ABOUT THIS TASK: Pictures stay out of the copy, and everything else in the data below is repeated exactly.

STORED DATA:
++++++++++++++++++++

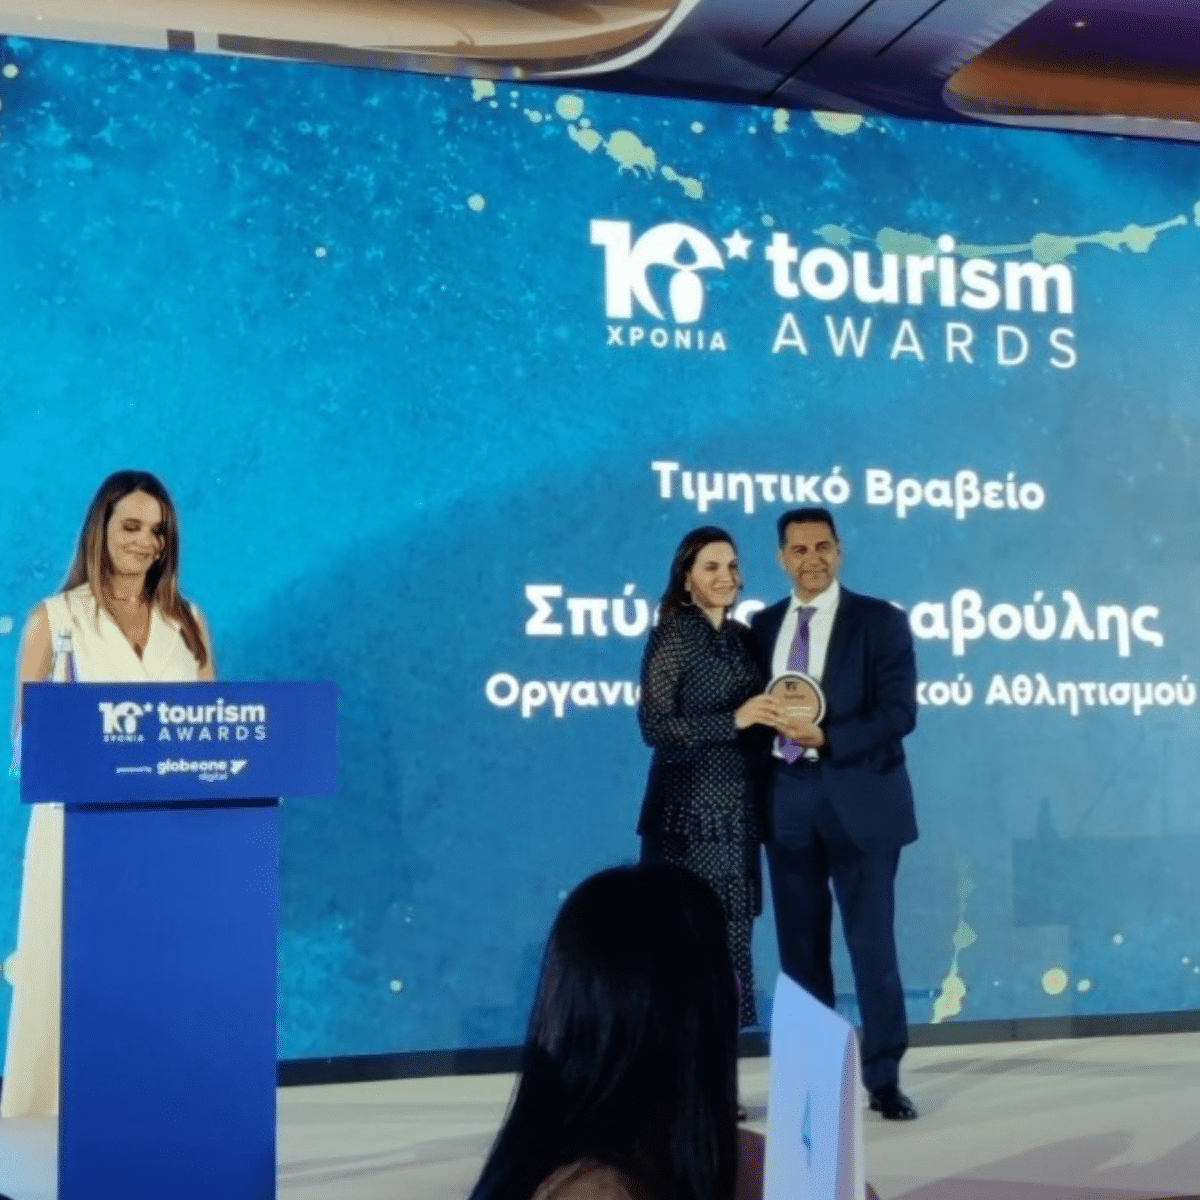 aponomi-timitikou-vraveiou-tourism-awards
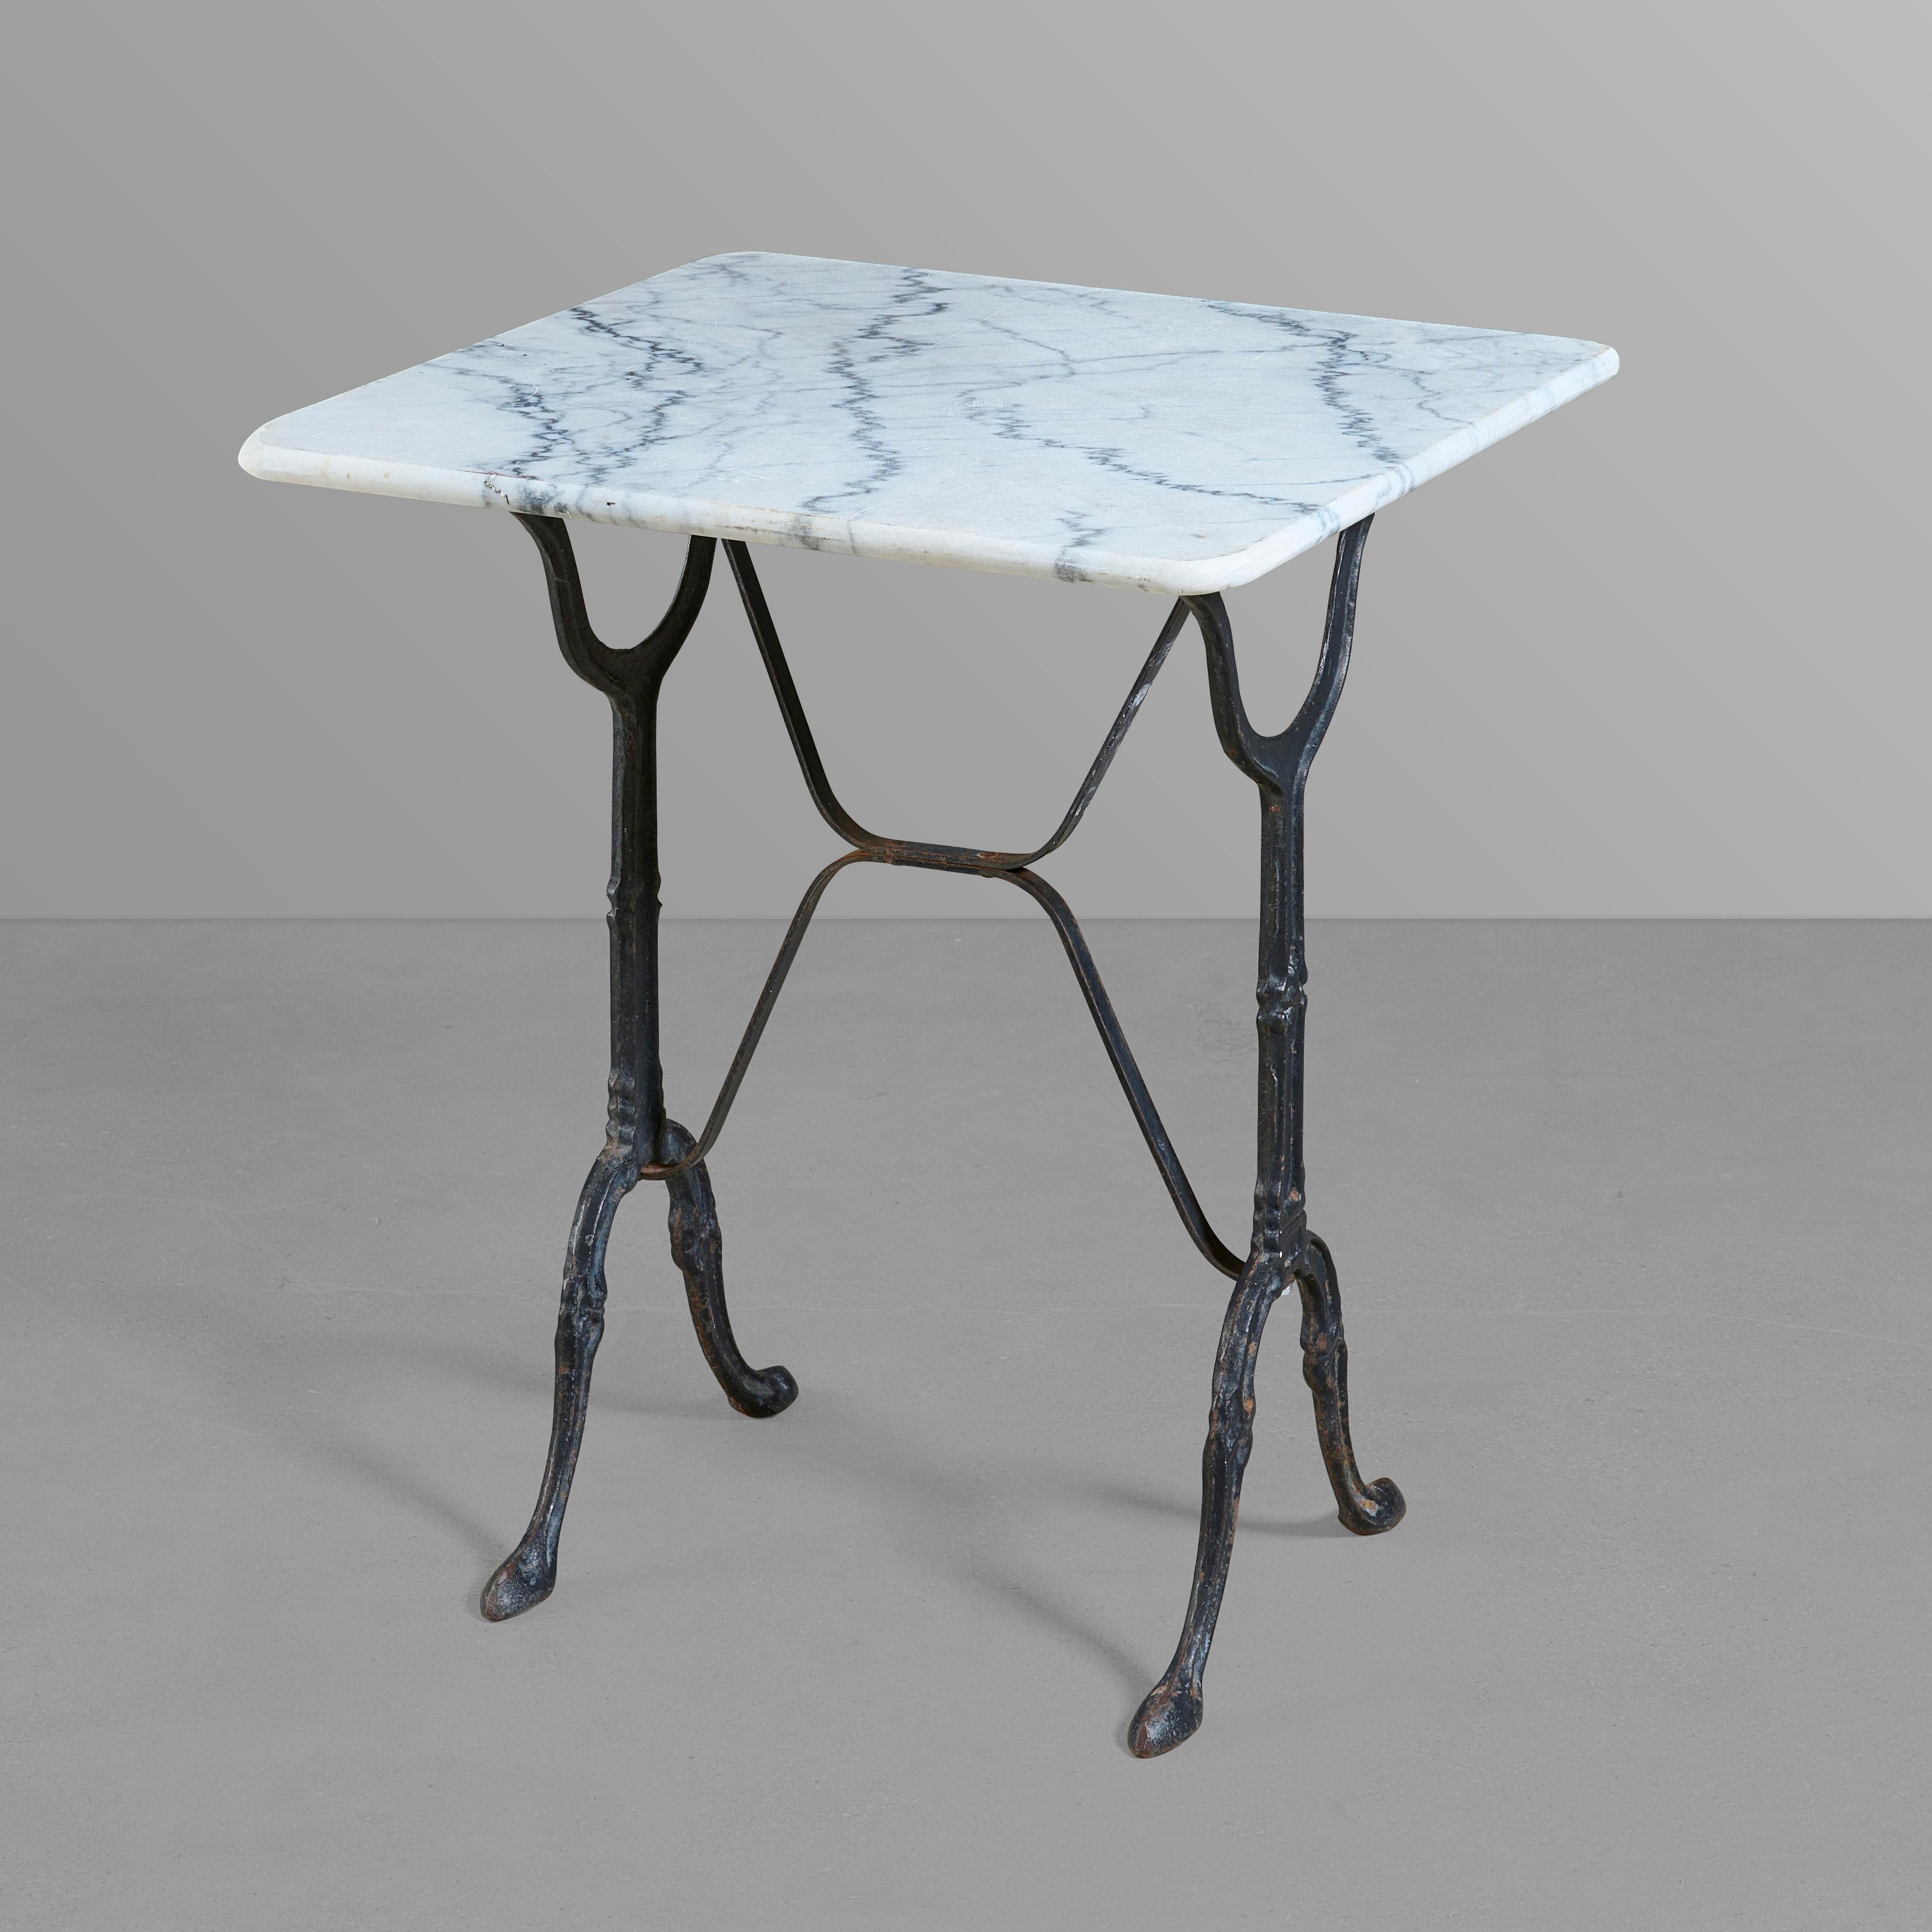 Cafe-Tisch aus Gusseisen mit originaler Platte aus Carrara-Marmor.

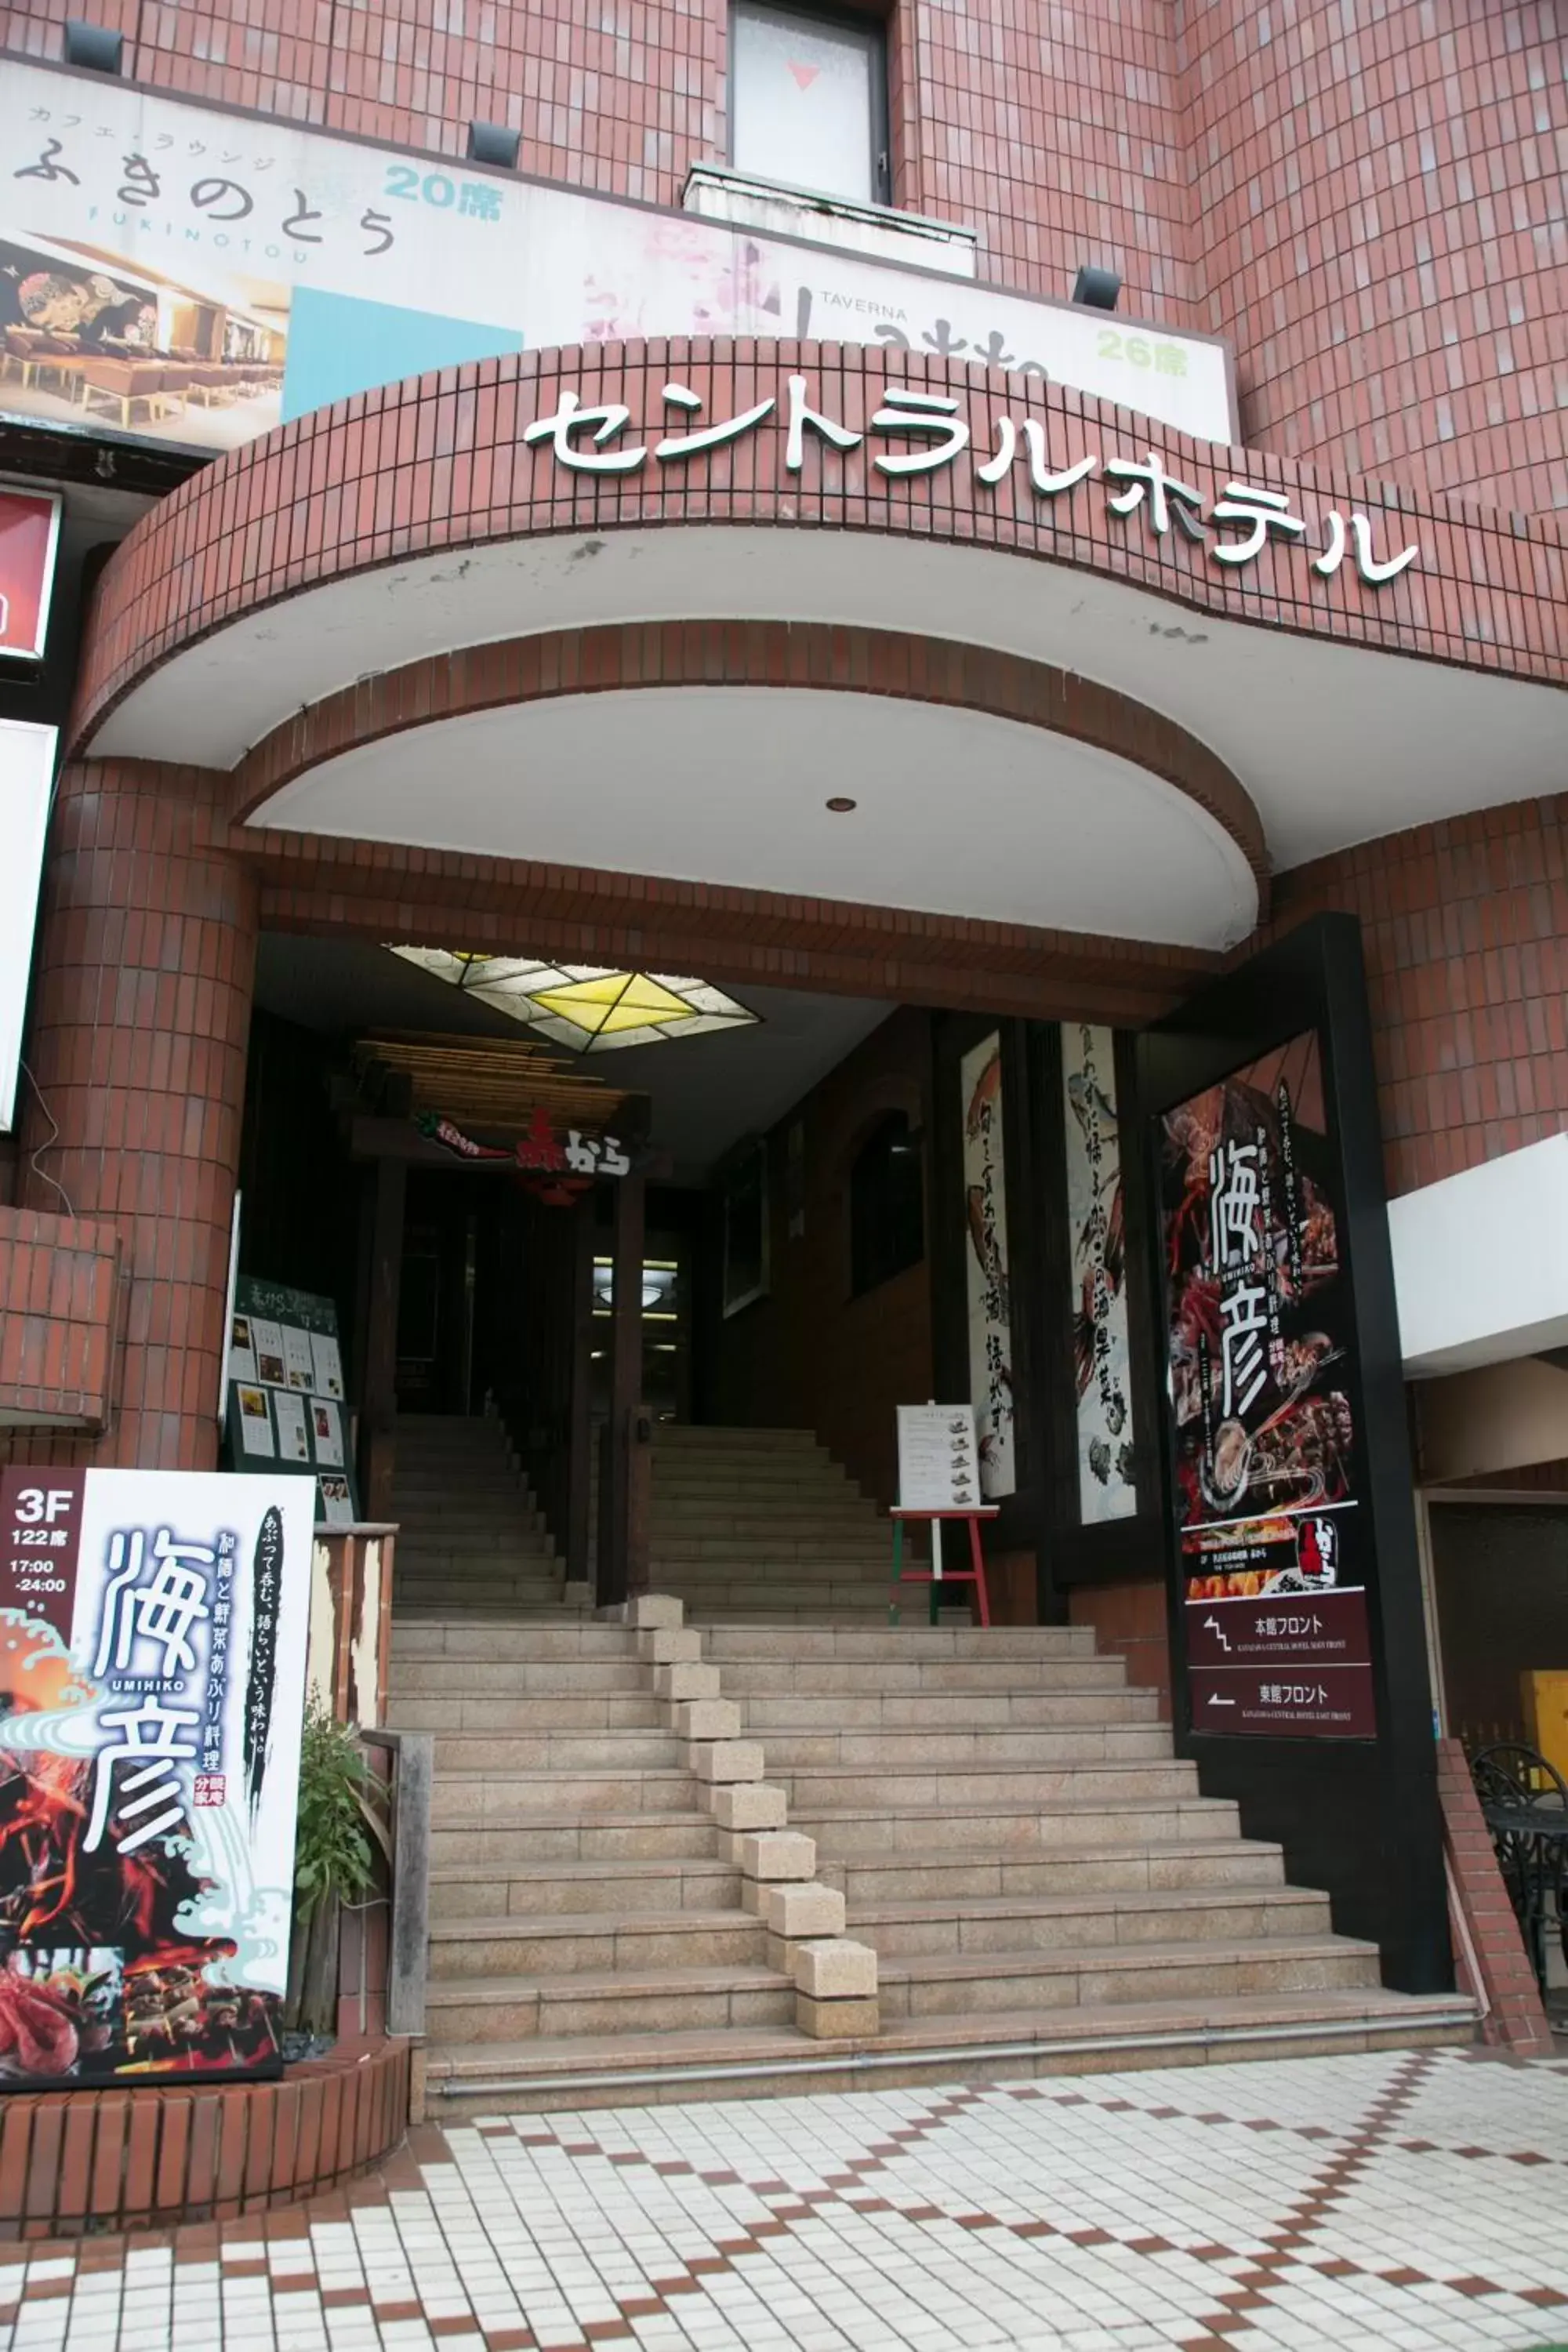 Facade/entrance in Kanazawa Central Hotel

++++++++++++++++++++

OUTPUT BELOW:
 aponomi-timitikou-vraveiou-tourism-awards
 Cafe-Tisch aus Gusseisen mit originaler Platte aus Carrara-Marmor.

 Facade/entrance in Kanazawa Central Hotel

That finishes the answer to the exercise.